Stored records
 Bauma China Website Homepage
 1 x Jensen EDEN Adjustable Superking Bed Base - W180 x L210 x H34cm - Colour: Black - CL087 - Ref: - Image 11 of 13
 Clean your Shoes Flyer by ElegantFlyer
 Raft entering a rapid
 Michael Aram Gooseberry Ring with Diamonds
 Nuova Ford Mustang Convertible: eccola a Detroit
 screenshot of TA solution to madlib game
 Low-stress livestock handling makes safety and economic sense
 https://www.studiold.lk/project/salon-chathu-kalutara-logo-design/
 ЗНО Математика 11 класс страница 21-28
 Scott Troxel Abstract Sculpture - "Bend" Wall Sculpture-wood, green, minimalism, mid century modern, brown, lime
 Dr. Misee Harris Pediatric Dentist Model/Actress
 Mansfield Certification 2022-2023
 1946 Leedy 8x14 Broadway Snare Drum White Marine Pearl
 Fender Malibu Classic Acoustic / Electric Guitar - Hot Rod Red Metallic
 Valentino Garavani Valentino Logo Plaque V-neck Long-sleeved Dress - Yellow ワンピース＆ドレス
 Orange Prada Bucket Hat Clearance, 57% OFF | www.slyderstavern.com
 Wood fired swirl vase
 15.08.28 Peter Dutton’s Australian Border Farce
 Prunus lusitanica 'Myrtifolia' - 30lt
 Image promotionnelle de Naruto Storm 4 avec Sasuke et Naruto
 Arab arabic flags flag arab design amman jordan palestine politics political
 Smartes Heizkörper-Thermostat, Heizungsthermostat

**What you are asked to do**
Go to the line holding "Mansfield Certification 2022-2023" in the entries above and return it, along with every line after it, exactly as written.

**Result of this task**
 Mansfield Certification 2022-2023
 1946 Leedy 8x14 Broadway Snare Drum White Marine Pearl
 Fender Malibu Classic Acoustic / Electric Guitar - Hot Rod Red Metallic
 Valentino Garavani Valentino Logo Plaque V-neck Long-sleeved Dress - Yellow ワンピース＆ドレス
 Orange Prada Bucket Hat Clearance, 57% OFF | www.slyderstavern.com
 Wood fired swirl vase
 15.08.28 Peter Dutton’s Australian Border Farce
 Prunus lusitanica 'Myrtifolia' - 30lt
 Image promotionnelle de Naruto Storm 4 avec Sasuke et Naruto
 Arab arabic flags flag arab design amman jordan palestine politics political
 Smartes Heizkörper-Thermostat, Heizungsthermostat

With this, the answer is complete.